Ken Hornstein wrote:
Thanks for the reply. Your suggestions are good ones and I'll give them a shot. I guess I get to learn a lot more about building NetBSD than I originally anticipated. :-)So at a first glance I would say that the problem is with the process that builds the ramdisk image, since from the errors you post it looks like you have a corrupted ramdisk image. It might be useful to go to src/distrib/evbarm/instkernel and run nbmake-evbarm (from tools/bin) and watch very carefully the process where the ramdisk is created; the key tool is makefs (nbmakefs in tools/bin).
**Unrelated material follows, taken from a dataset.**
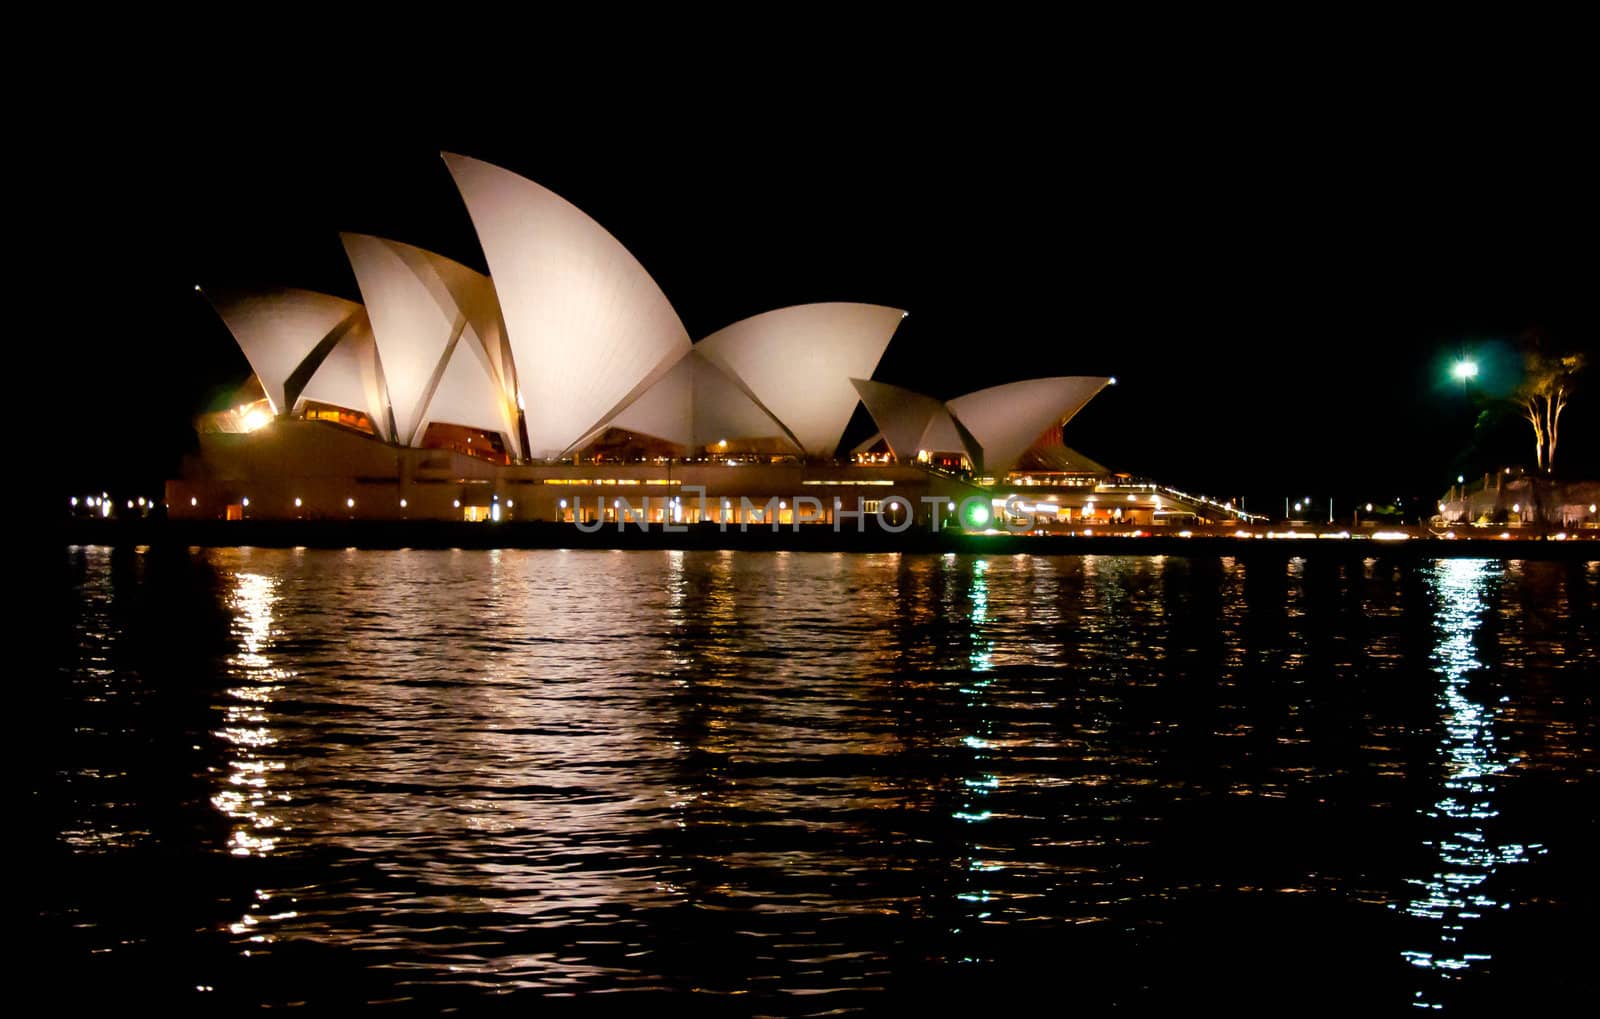 SYDNEY, AUSTRALIA  AUGUST 18: view of the Opera House in Sydney bay on August 18, 2010 in Sydney, Australia. The Opera House Theatre is a famous landmark for Sydney and for whole australia

I would guess that there is a problem with this tool under Cygwin. You could set some bits in the debug mask and run it by hand to perhaps glean some insight. At the very worst, you might have to hunker down with the makefs sources and figure out what's wrong, if you really want to solve it. You could always take the ramdisk.fs image from the Linux system and use it on the Cygwin system; the only problem is that from what I see the ramdisk filesystem is always rebuilt by default. It looks like there is some logic in the Makefile to prevent that, but I'm not sure if it's disabled or simply not working; you might have to do some hacking around to get it to always use your prebuilt ramdisk image. --Ken
The fact that there is a problem like this surprises me a little, since Cygwin has been around a long time and is relatively mature. Of course, Cygwin has always had to deal with the Unix/Windows incompatibilities like upper-case/lower-case file names. I had (or still have) a fear that I did something like unintentionally edit a file with a Windows program that would put a <CR> into a file that is the cause a problem. But I haven't found anything like that yet. I did copy the src tree from Win to Linux to insure that the kernels were built from the same source - the only thing I found was a directory on the Win side that was upper-case letters (DB vs db).
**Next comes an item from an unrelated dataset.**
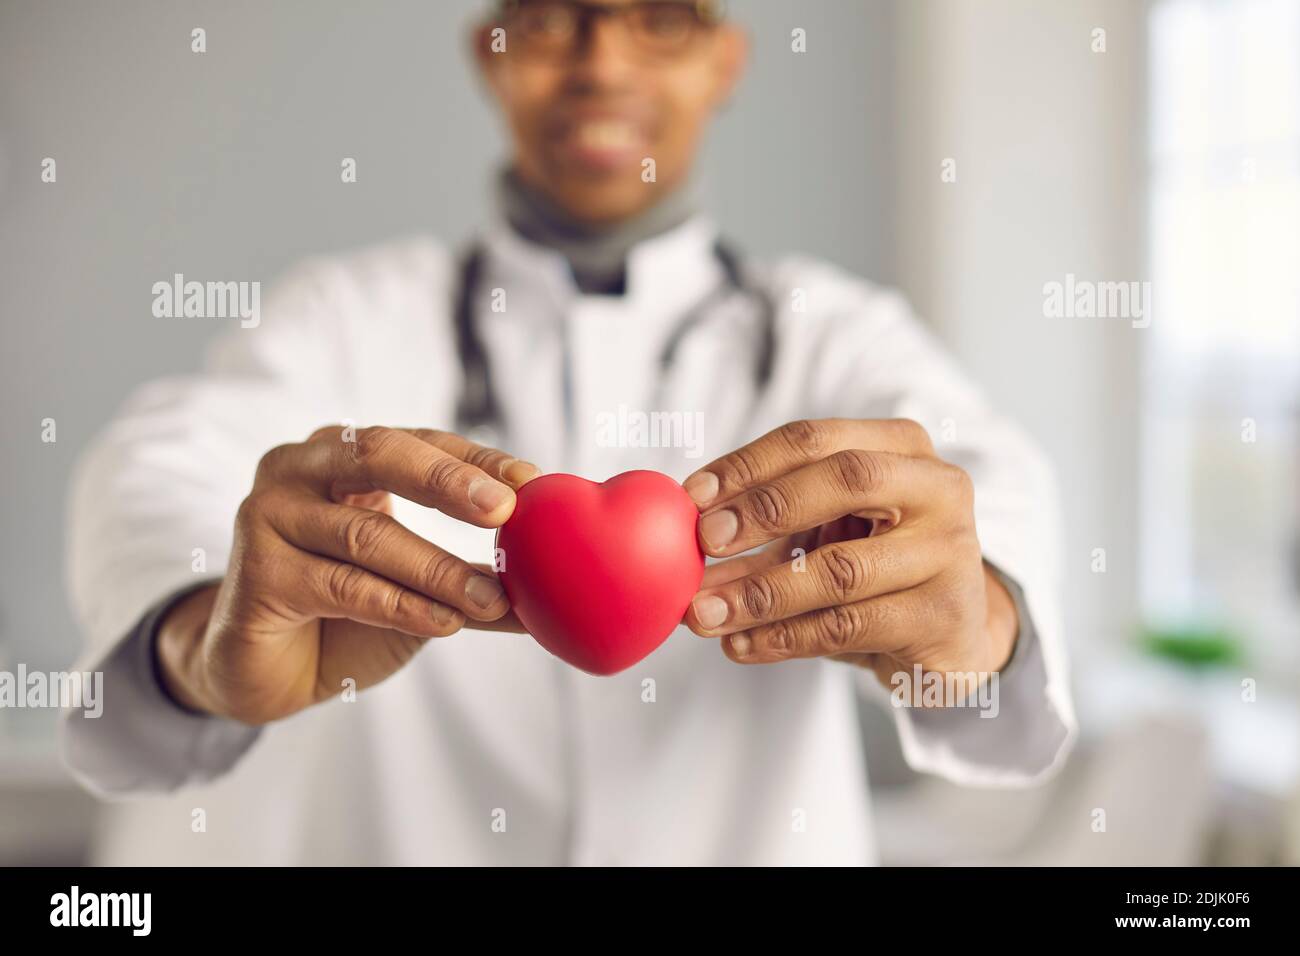 Doctor holding red heart and promoting healthy lifestyle and prevention of heart diseases Stock Photo

A cursory byte-for-byte comparison of the two ramdisk.fs files shows that they are mostly the same, but not identical. It's difficult to draw many conclusions without detailed knowledge of the file structure, but there were two easily spotted differences. The first is a frequently occuring four byte sequence that is close but not exactly the same, which I'm guessing is a date code. The second is that the apparent meat of the memory disk starts 512 bytes sooner in the Cygwin version. If this rings a bell with anybody, please let me know.
Otherwise, I suppose I'll put away this tiny little shovel I have and go out and rent me a backhoe, because I have some serious digging to do.